ALEXEI ALEXEIEVICH HARLAMOFF
Saratov 1849 – 1925 Paris
Alexei Alexeievich Harlamoff was born at Saratov, Russia in 1849. He studied at the Academy of Fine Arts in St. Petersburg and won a gold medal and a travel scholarship in 1868 for his painting The Return of the Prodigal Son. This enabled him to go to Paris, where he remained, working with the great portrait painter and teacher at the École des Beaux-Arts, Léon Bonnat (1834-1922). His work was exhibited in the Russian section of the Décennale exhibition of art produced between 1889 and 1900, which was part of the World's Fair held in Paris in 1900.
In his early career, he painted many genre and religious subjects, learning his skills by copying Old Master paintings such as Rembrandt's Anatomy Lesson in the Mauritshuis in The Hague. He also became a respected portrait painter, with such important sitters as Tsar Alexander II and Prince Demidoff. Perhaps his most beloved subjects were informal portraits of peasant girls. These sitters were painted for their beauty and innocence rather than their fame. Harlamoff eloquently evoked the symbolism of the flower representing the short-lived innocence of youth so popular with artists of the end of the nineteenth century, while capturing a uniquely Russian ambience in the details of dress and facial features.

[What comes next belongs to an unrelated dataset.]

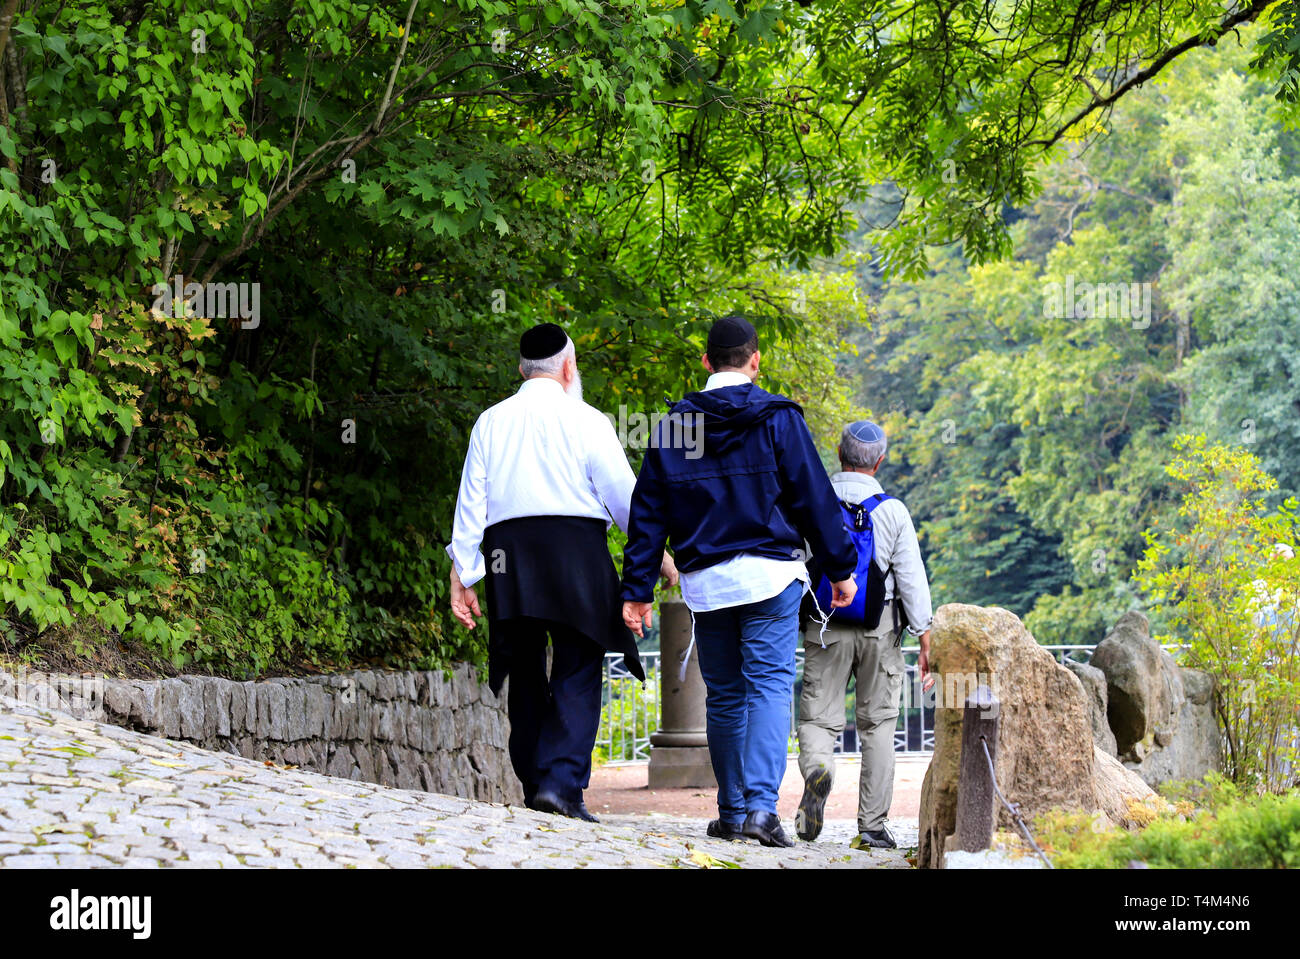 Ältere Menschen, eine chassidische Juden Familie Spaziergang im Park während das Jüdische Neue Jahr. Uman, Ukraine Stockfoto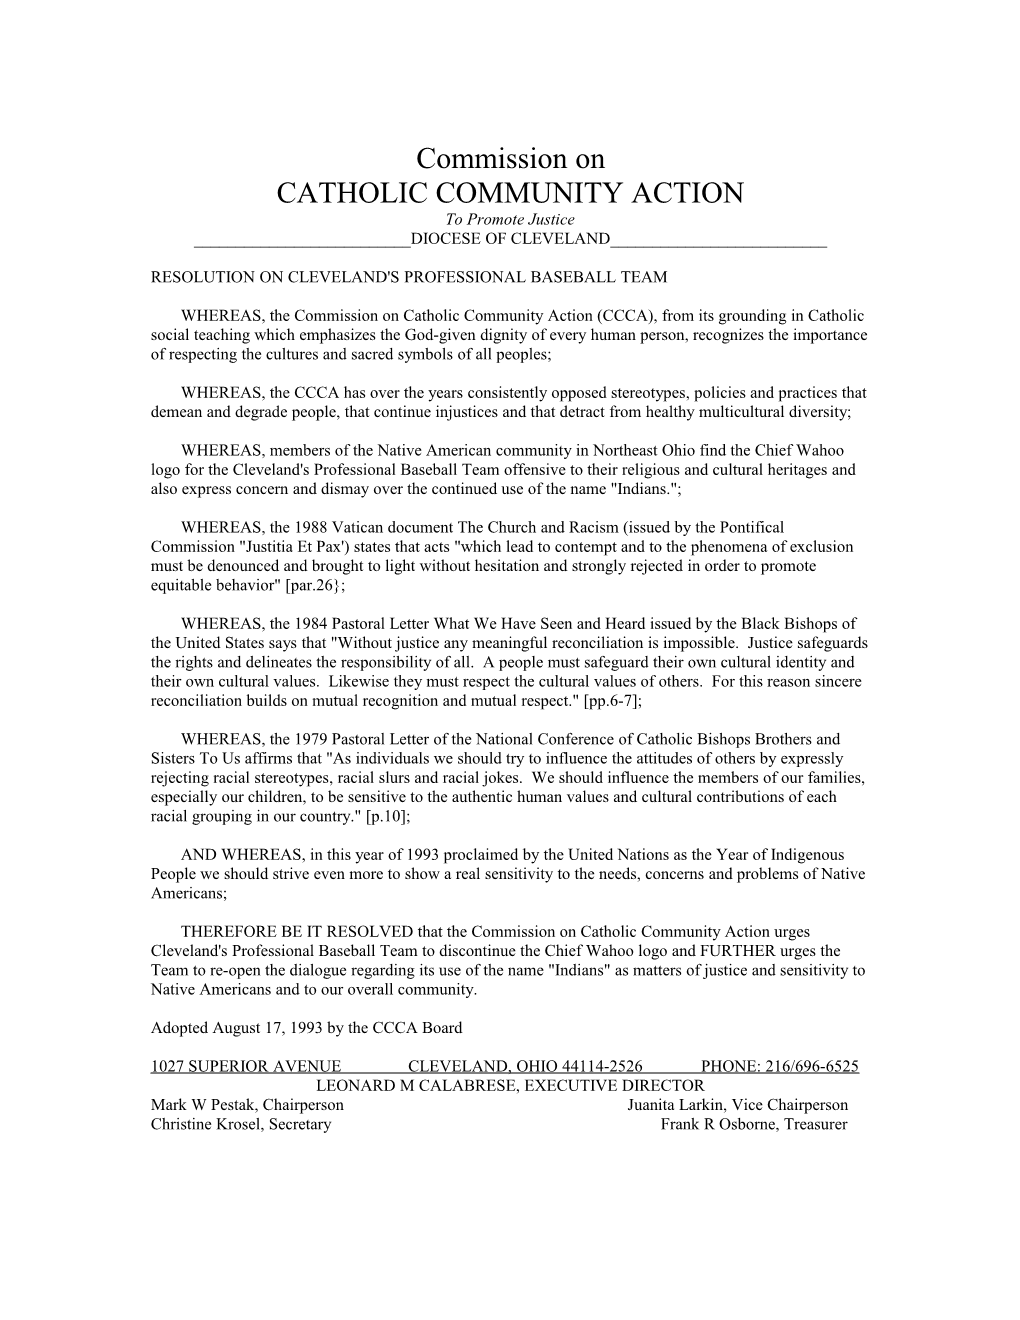 Catholic Community Action

Harlamoff was also interested in the range of emotions within facial expressions; his A girl in a white veil with her charming, contemplative gaze is an excellent example. It was probably the sweet, smiling expressions of his Children playing with Flowers that drew the admiration of Queen Victoria when she saw it in the Glasgow International Exhibition in 1888.
The work of Alexei Harlamoff is represented in the Alexander III Museum in St Petersburg, the Tretiakov Gallery in Moscow and in the Brobinksi Collection.